Voluntary fundraising is set to become an increasingly crowded and competitive field. The NSPCC lead the way with nearly 400 fundraisers raising £130m pa. including £70m pa from a database of one million donors. According to Mary Marsh, their former chief executive, this costs them £40m pa; their aim is to achieve a ratio of £1 invested for every £3.50 raised.

 

Meanwhile, others like Citizens Advice and the National Autistic Society, are considering getting into direct mail, whilst Mencap and Elizabeth Finn Care are focussing on regional fundraising, working with local groups and volunteers. Susan Daniels, chief executive of the National Deaf Children’s Society, says they are now focussing on street and door to door collections rather than direct mail.  The ‘new’ philanthropists featured strongly in some people’s plans, particularly those working with young people and ex-offenders where the potential social return on investment can be particularly appealing to those interested is seeing their money make a significant and measurable difference.

 

Earning

 

The development of social enterprises featured in many chief executives’ plans. Sometimes, as in the Muscular Dystrophy Campaign’s design and print service, this has a dual role of providing employment for people with the condition and covering costs through sales. Other examples include ICAN’s plans to develop training and consultancy services in children’s communication needs to public sector agencies and Counsel and Care’s successful programme of conferences and events.

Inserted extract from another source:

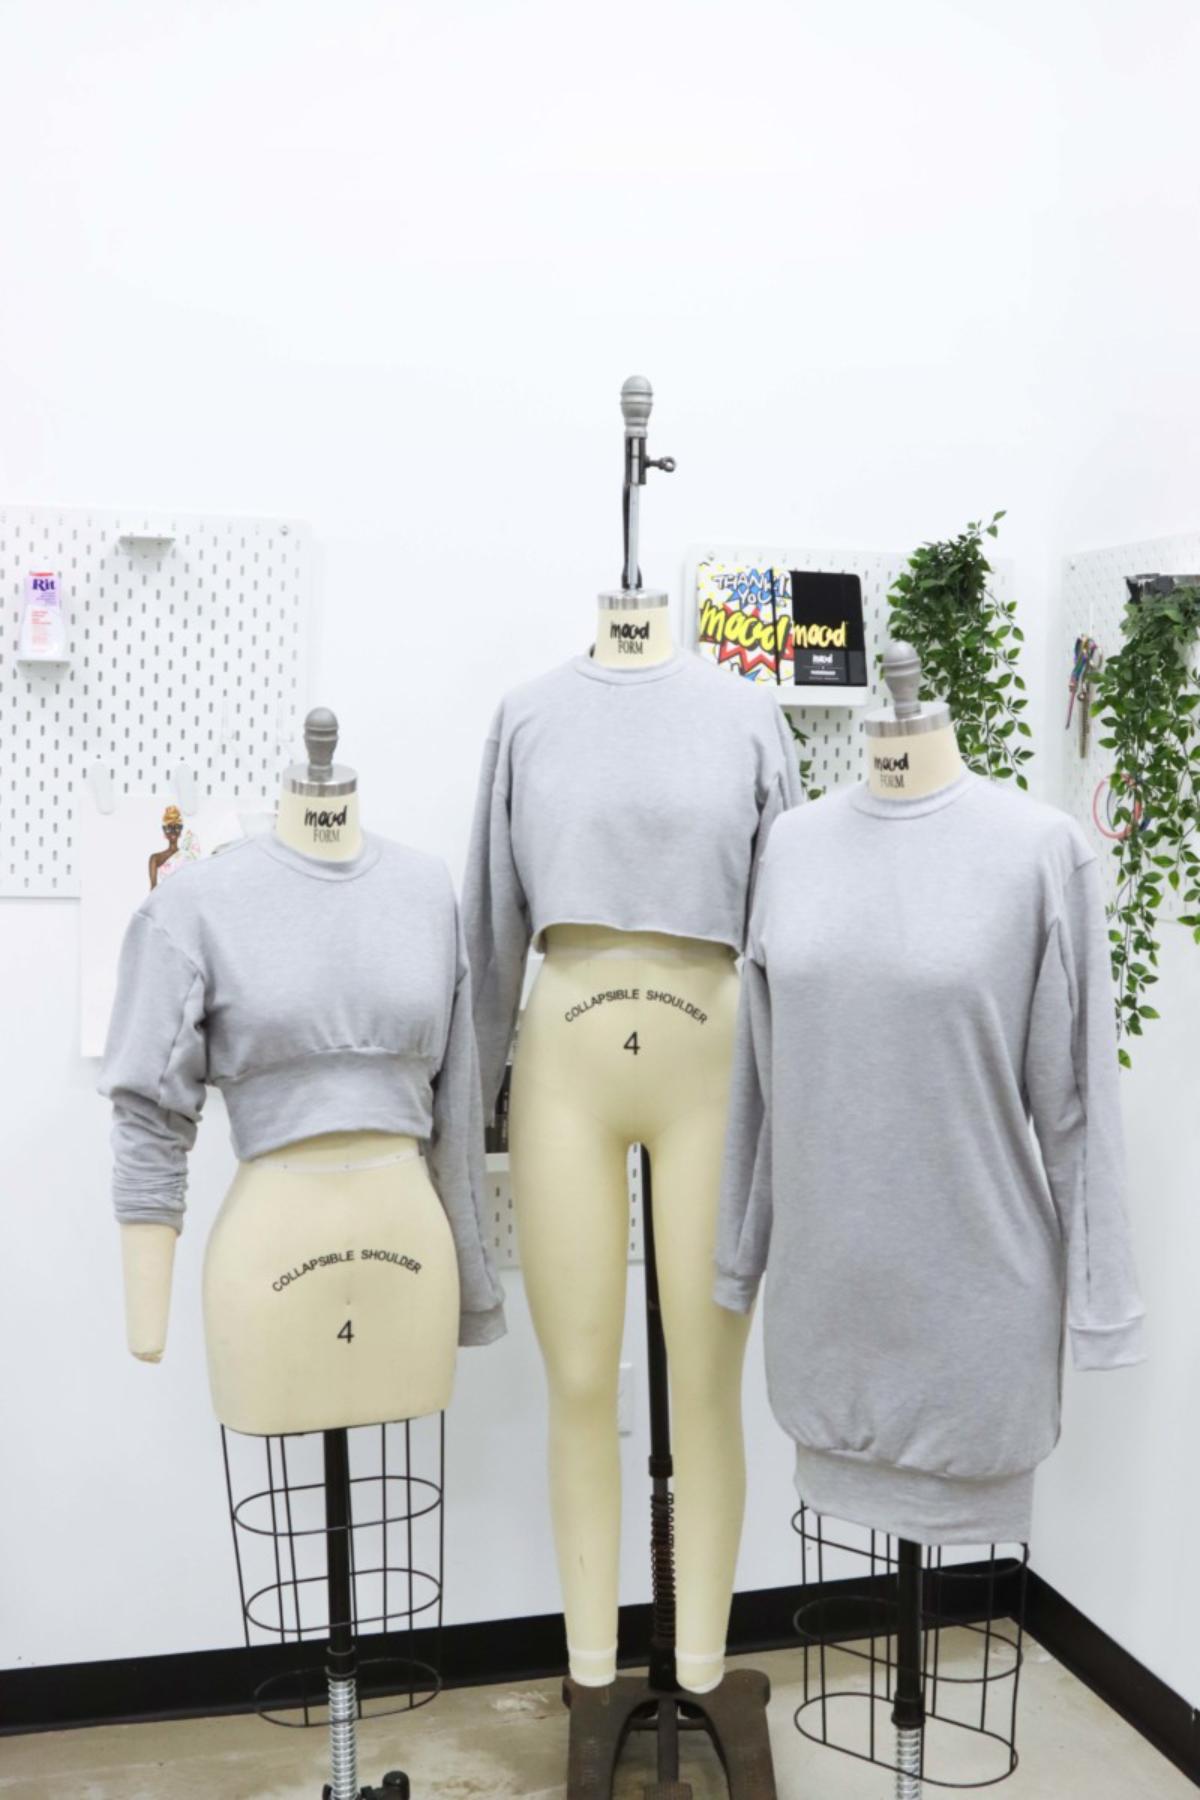 The Buttercup Sweatshirt Collection

Simon Gillespie, chief executive of the MS Society, is looking to generate income through negotiating profit share clauses in some of their research contracts so they would benefit from any products developed as a result of the research.

 

Traditionally, one of the main ways the larger charities have generated income is through charity shops. However, as Jon Sparkes, chief executive of Scope, points out, the environment for charity shops is now very different with the arrival of Ebay, Primemark and cheap clothes in supermarkets. He believes charity shops have to respond to these changes by emphasising their brand and making sure they have the right location. Carole Easton, chief executive of CLIC Sargent, said they are planning to make more use of Ebay in the future as a retail outlet.

 

At the local level, one of the main ways which some councils for voluntary service are looking to earn income is through the establishment of third sector resource centres with office premises for local groups, as well as conference and training facilities for hire. Voluntary Action Sheffield recently opened the Circle, a new £5m centre for the sector, where VAS is based along with 10 tenants. Similar centres exist or are planned in York, Nottingham, Leicester, Liverpool, Birmingham and Leeds. As well as providing a tangible focal point for the sector in the city, these centres have the potential, over time, to generate valuable unrestricted income.

 

As the financial implications of continuing social care become harder for government to sustain for an ageing population, charities are beginning to look at charging those clients who can afford to pay for their services. WRVS have a growing number of ‘self-payers’ and KIDS are proposing to charge fees for their services for disabled children where parents can afford to pay.

 

 

Conclusion

 

All these plans are going to be harder to realise in the current financial climate, but, by pursuing a balanced approach, the 100 chief executives I spoke to are preparing themselves for all eventualities.

 

Richard Gutch is an Associate at the third sector recruitment agency, Prospectus.